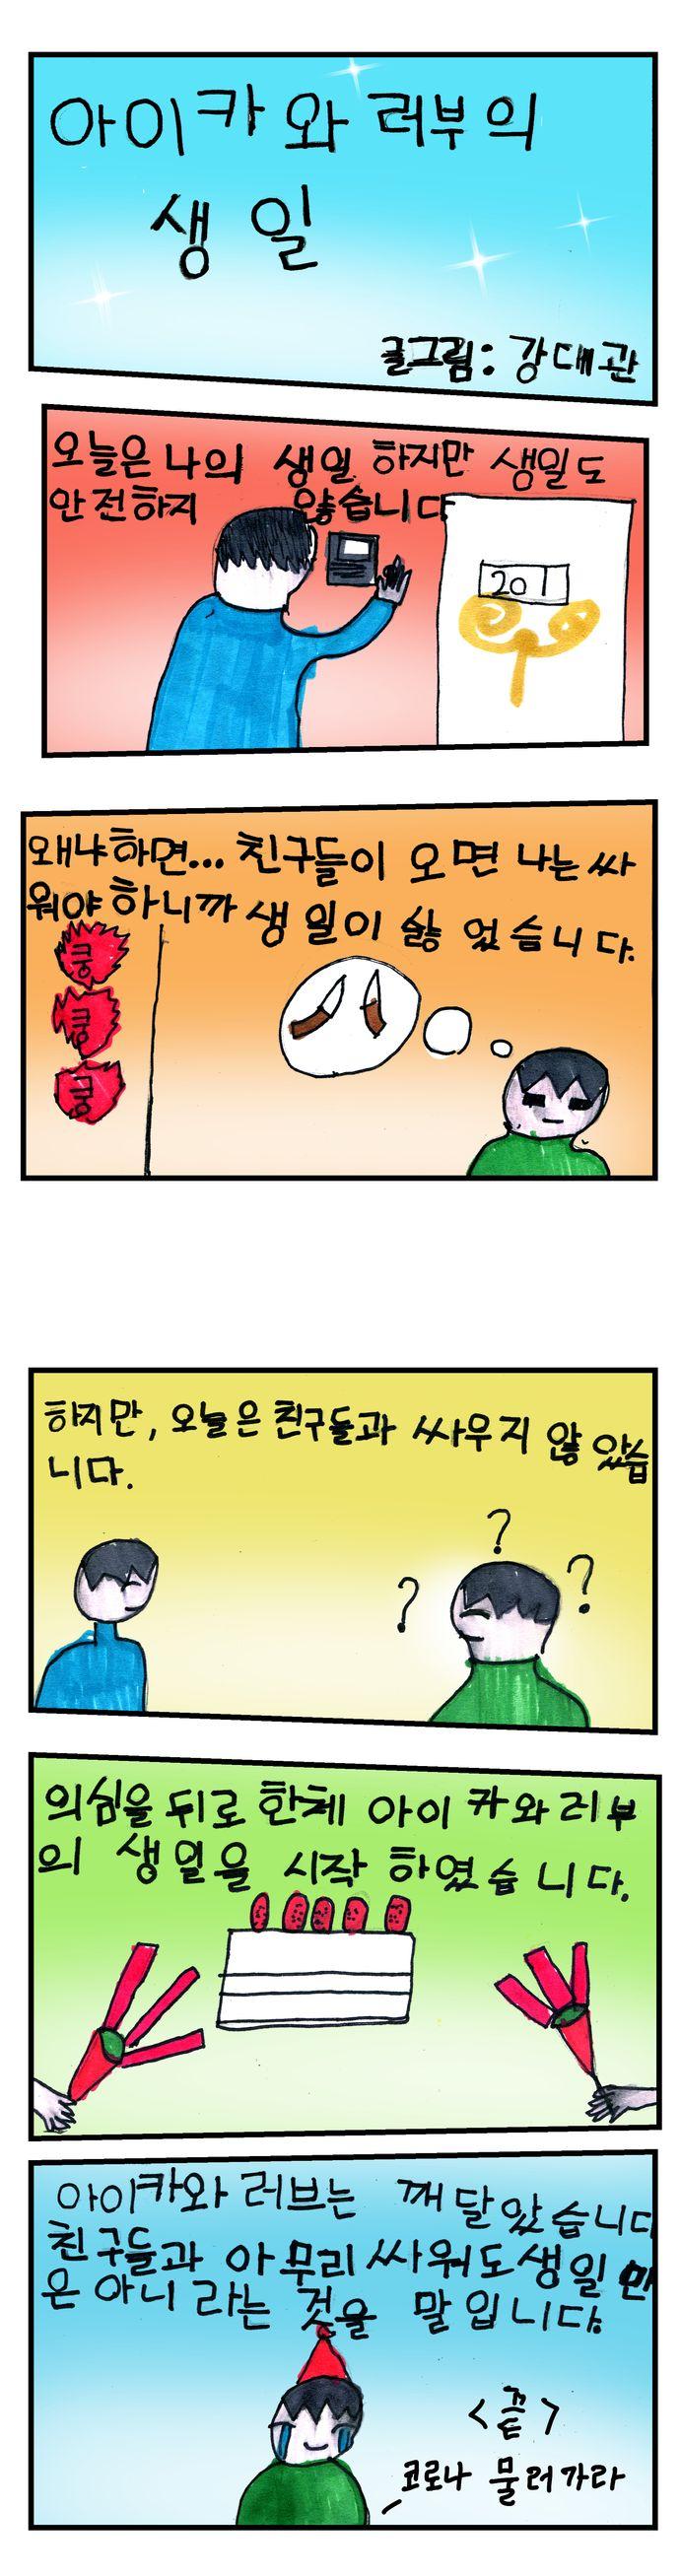 201223_11강대관_01.jpg
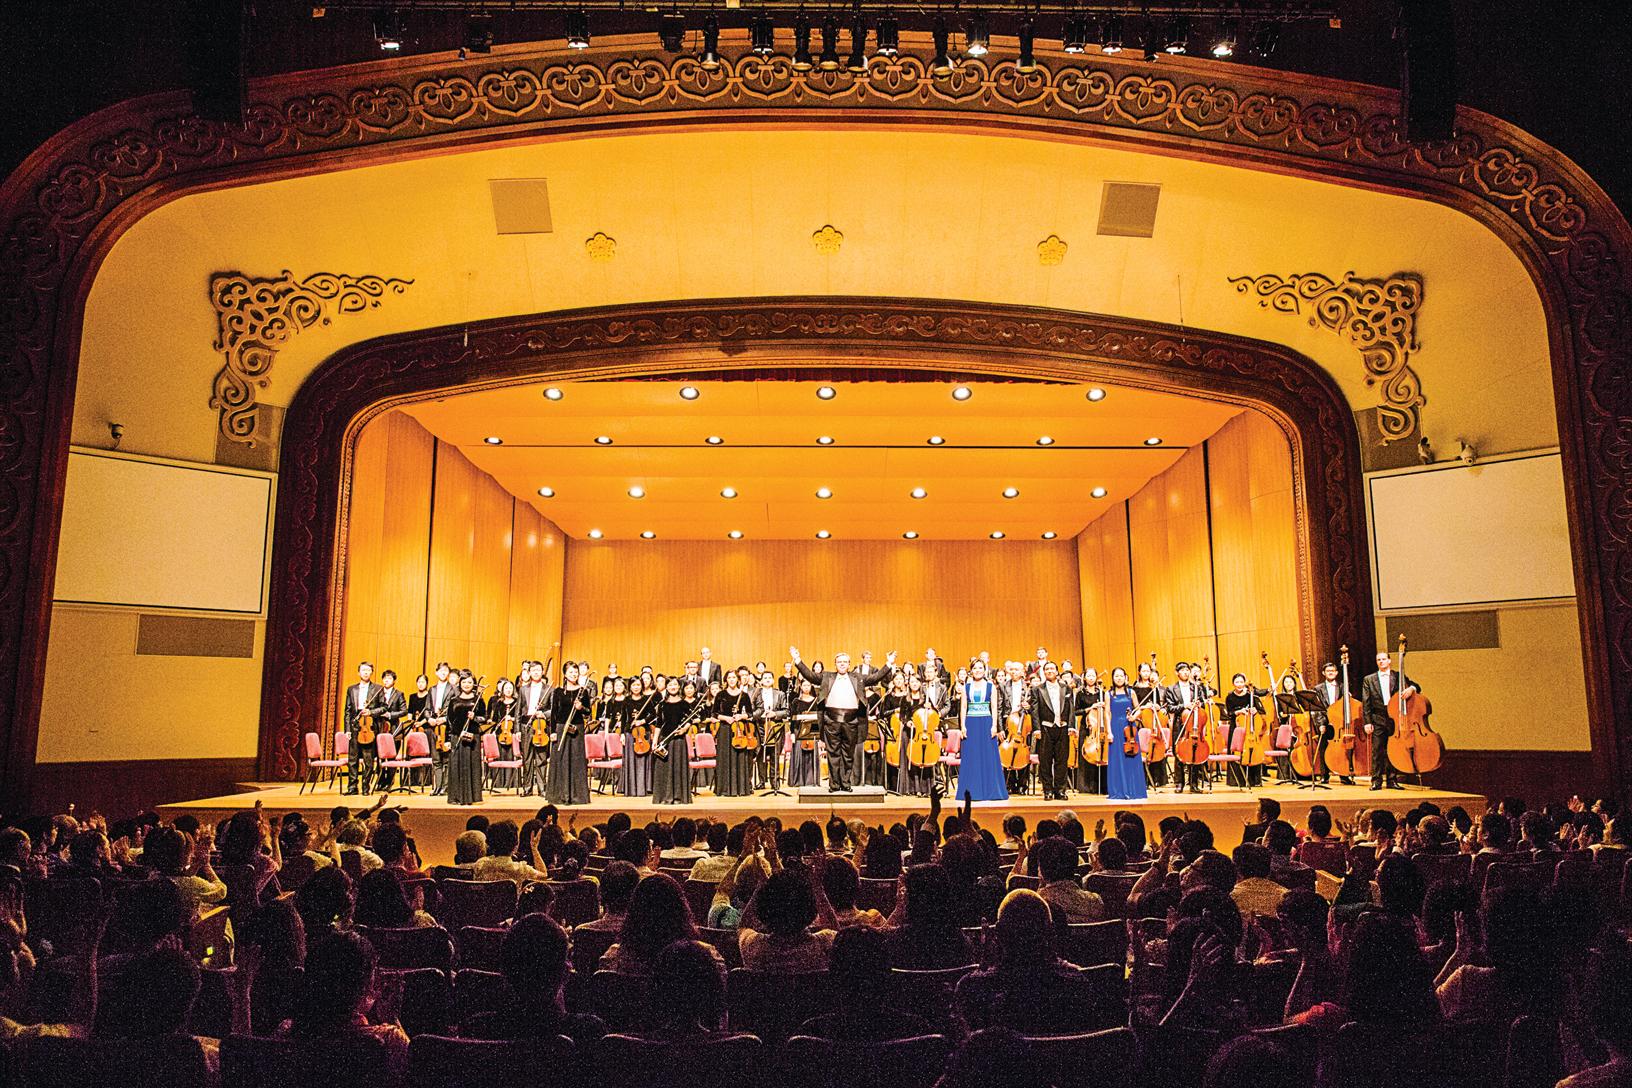 2016年10月3日晚間,神韻交響樂團在臺北中山堂最後一場的演出。(陳柏州/大紀元)
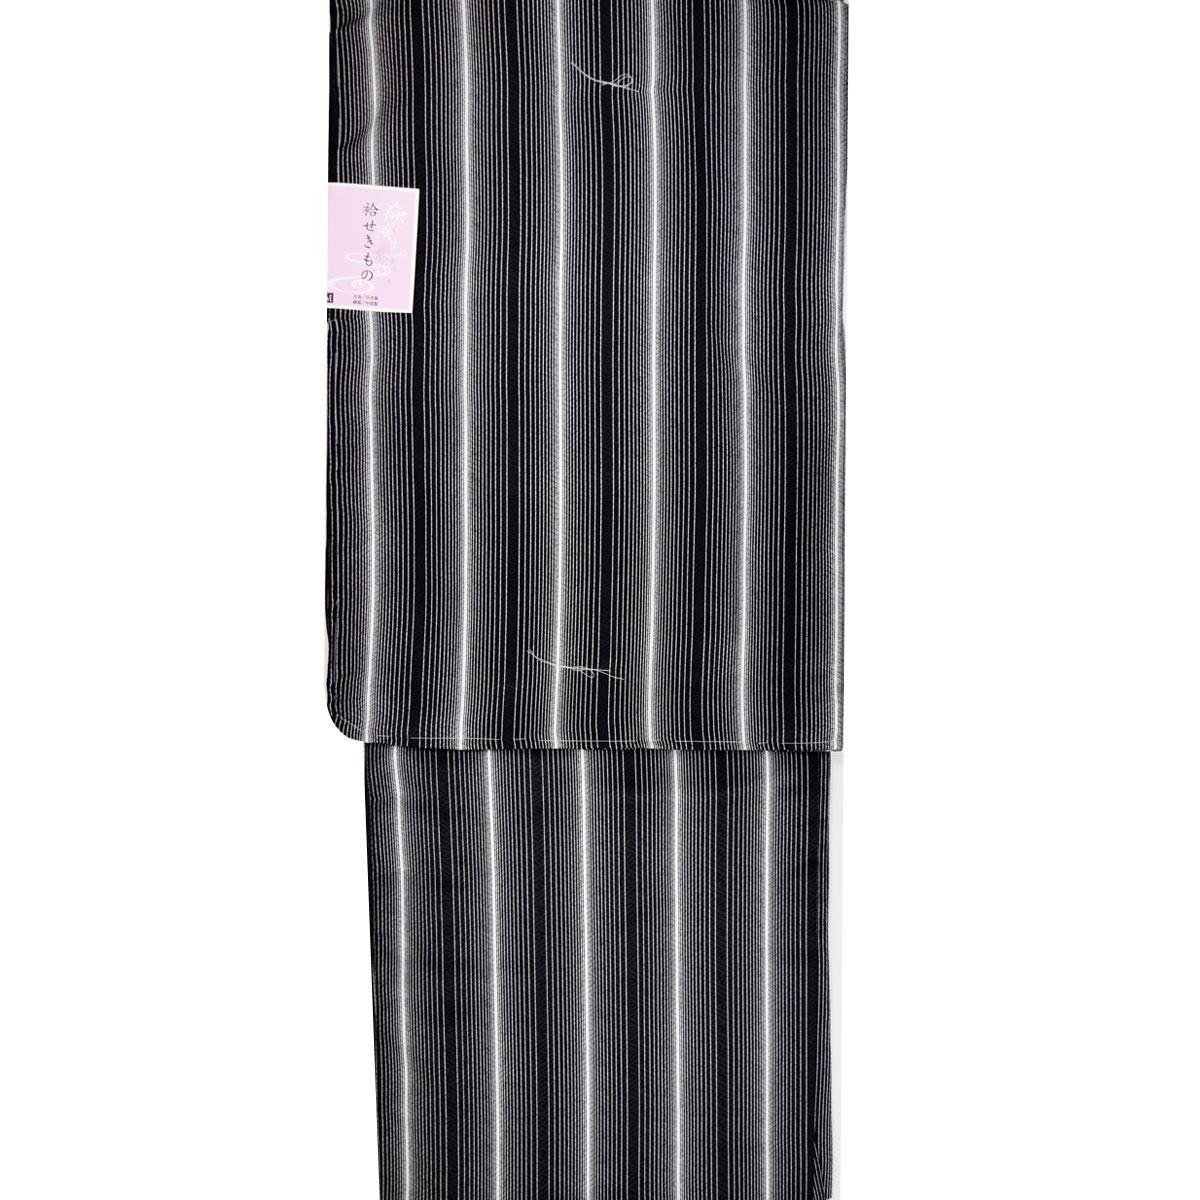 【史上最も激安】 【L寸】上質生地仕立て上がり袷洗える着物【単品】番号c902-31 kimono washable kimono washable, 水泳SHOP プレイスマート:99998871 --- canoncity.azurewebsites.net
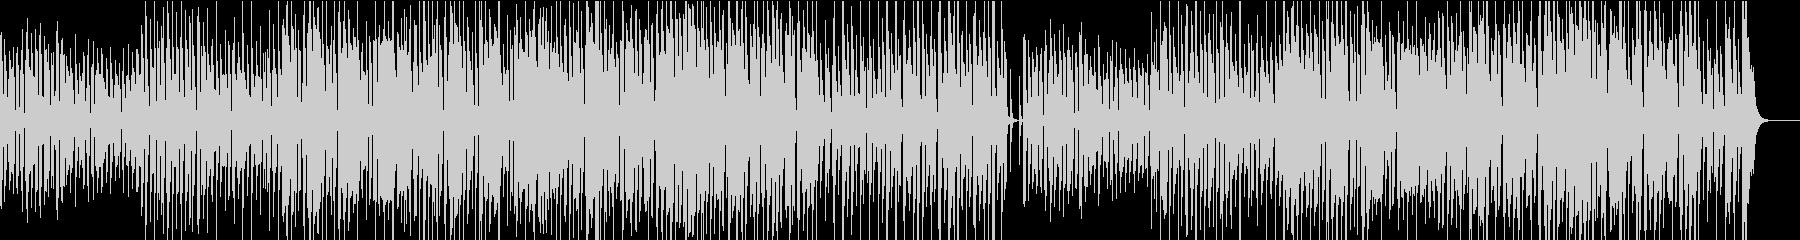 陽気で軽快なトランペットのBGMの未再生の波形

Activity:
Counting the line with "プレイスマート:99998871 --- canoncity.azurewebsites.net" and the last line of the data above, transcribe those two lines and every line between them exactly, without the pictures.

Response to the exercise:
 【史上最も激安】 【L寸】上質生地仕立て上がり袷洗える着物【単品】番号c902-31 kimono washable kimono washable, 水泳SHOP プレイスマート:99998871 --- canoncity.azurewebsites.net
 陽気で軽快なトランペットのBGMの未再生の波形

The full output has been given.